[Assignment] For the listing below, return the line containing "Kuwaiti permanent delegate", the line containing "ADAM iKlips DUO USB 3.1 8pin 行動碟 128G (玫瑰金 )", and all lines in between, exactly as written and nothing else.
Records for processing START
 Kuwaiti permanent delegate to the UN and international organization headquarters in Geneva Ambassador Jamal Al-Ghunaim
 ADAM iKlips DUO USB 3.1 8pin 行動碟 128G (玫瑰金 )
Records for processing END
Records for processing START
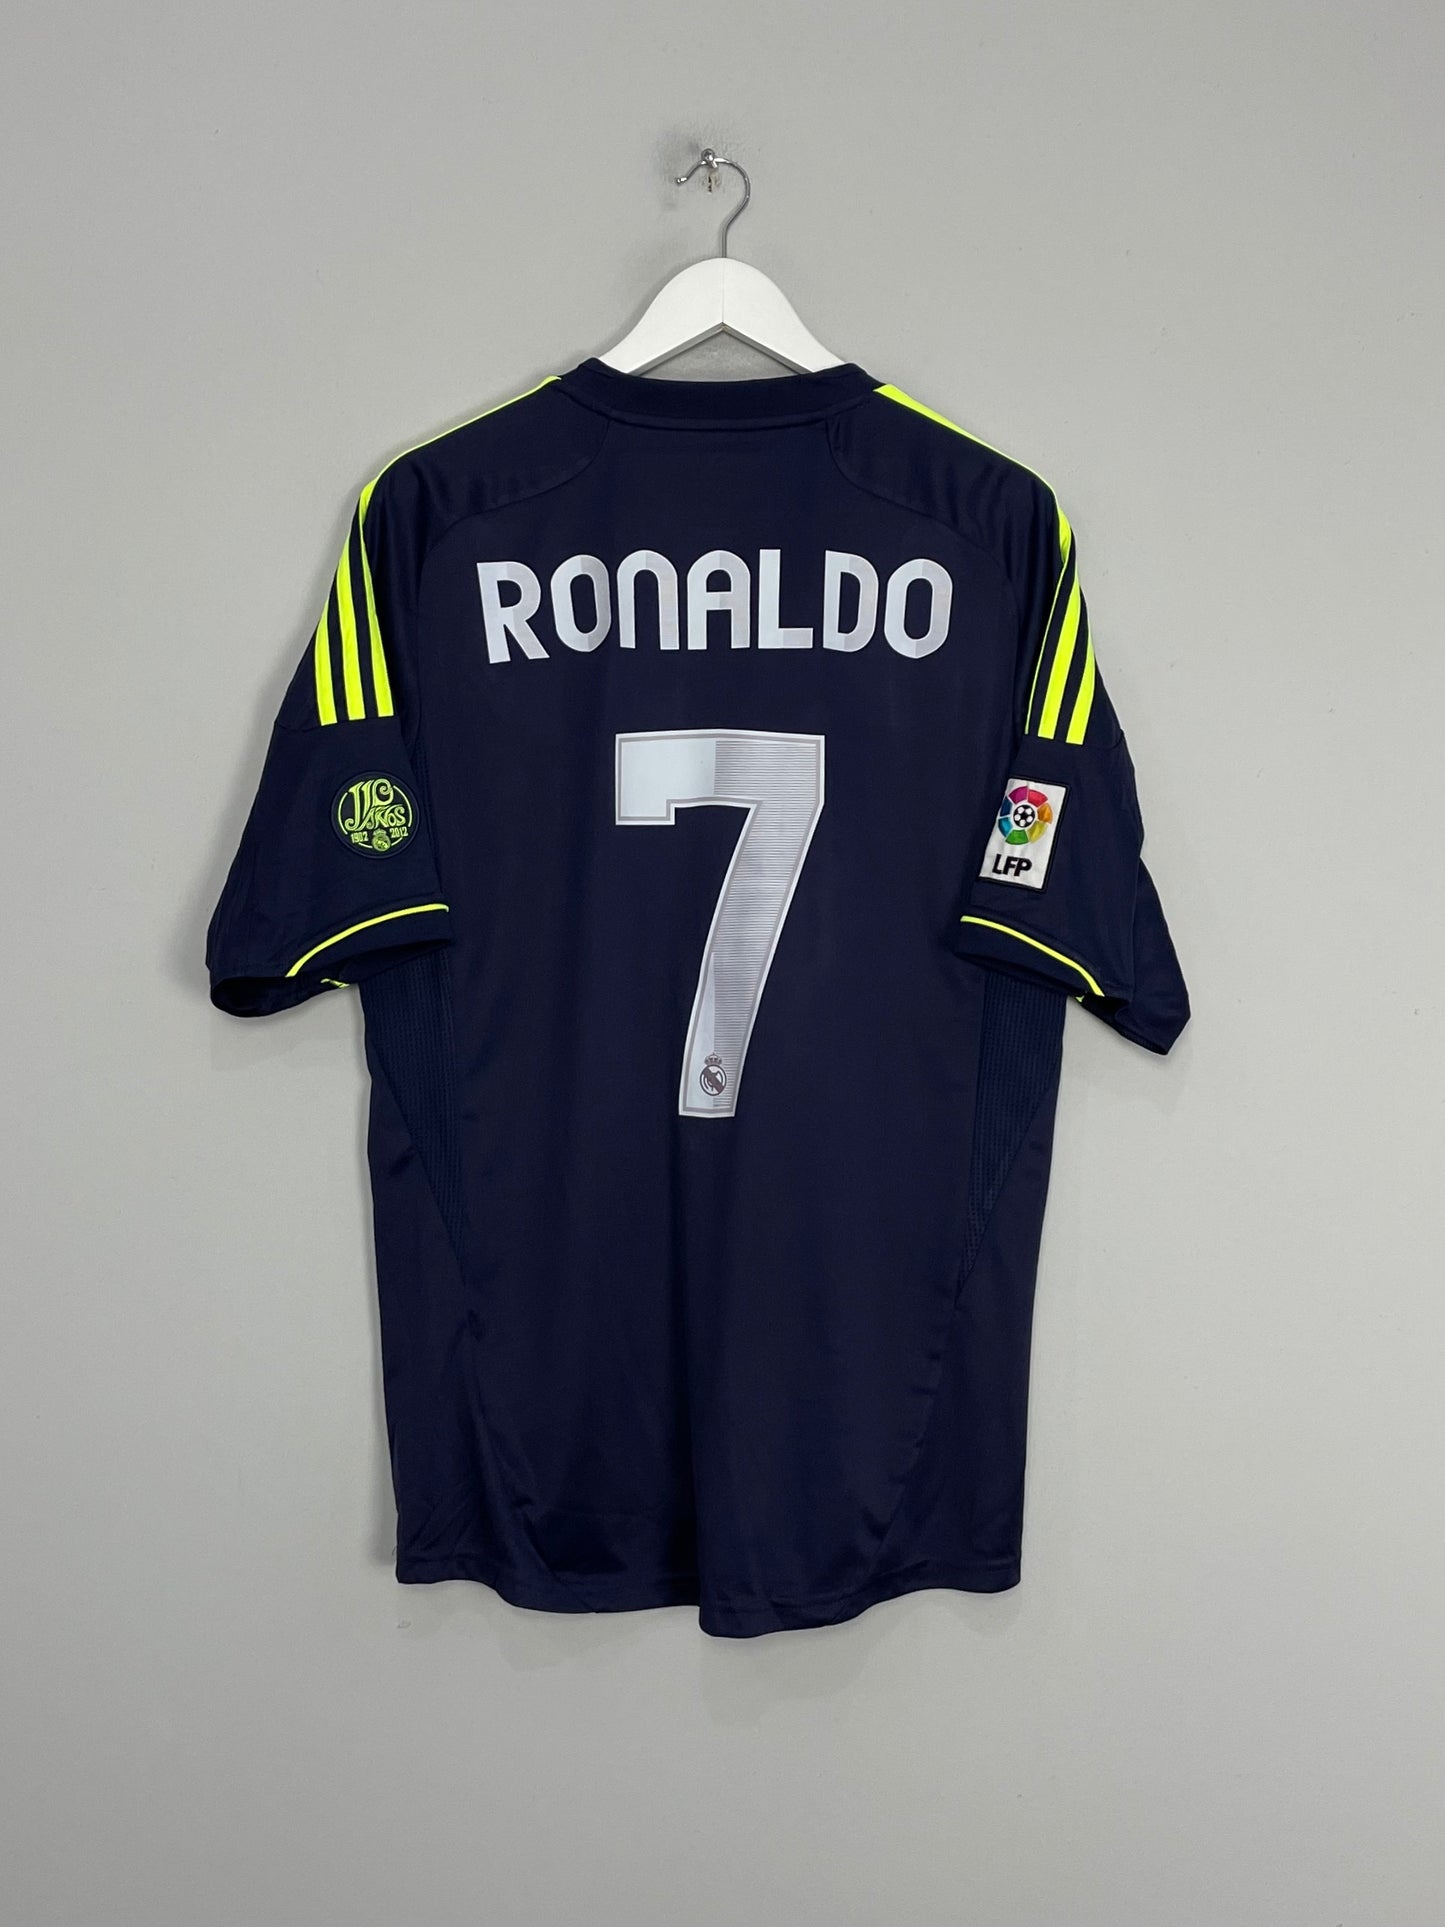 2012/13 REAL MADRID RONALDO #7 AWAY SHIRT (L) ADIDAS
Records for processing END
Records for processing START
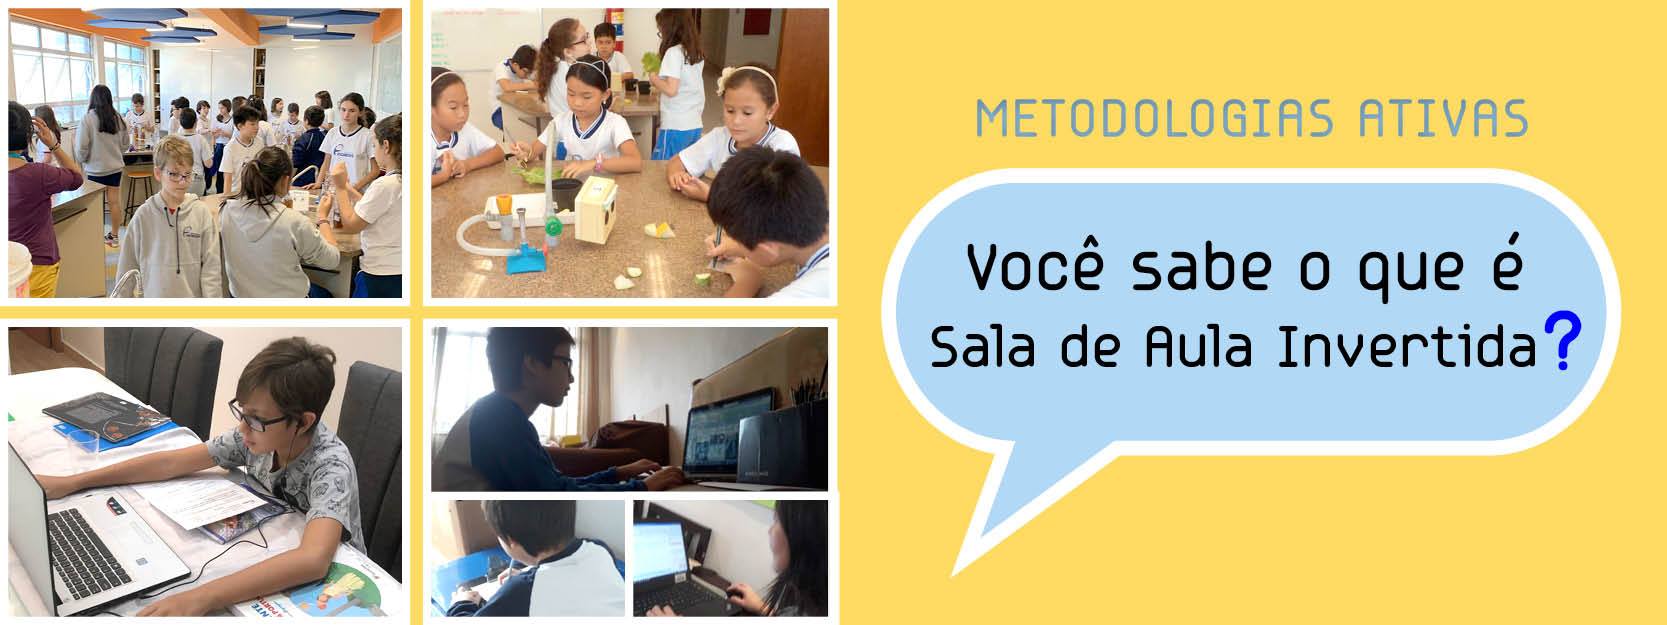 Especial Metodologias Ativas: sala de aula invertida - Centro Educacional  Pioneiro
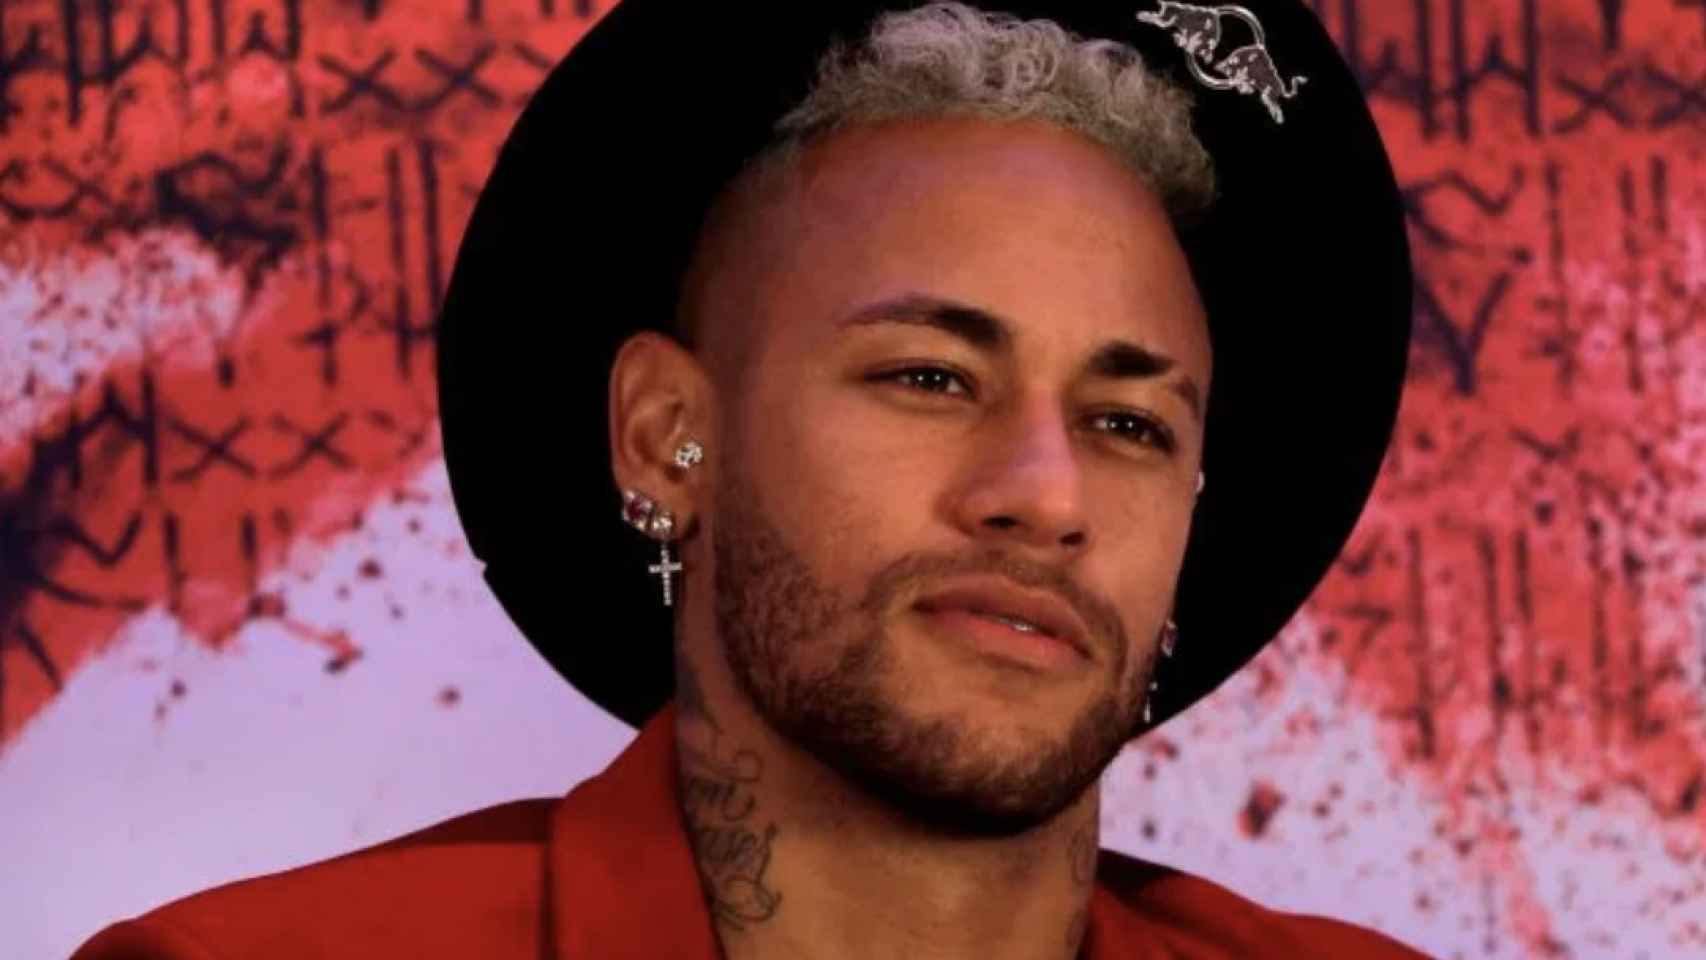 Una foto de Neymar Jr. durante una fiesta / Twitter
Records for processing END
[Exercise solution]
 Kuwaiti permanent delegate to the UN and international organization headquarters in Geneva Ambassador Jamal Al-Ghunaim
 ADAM iKlips DUO USB 3.1 8pin 行動碟 128G (玫瑰金 )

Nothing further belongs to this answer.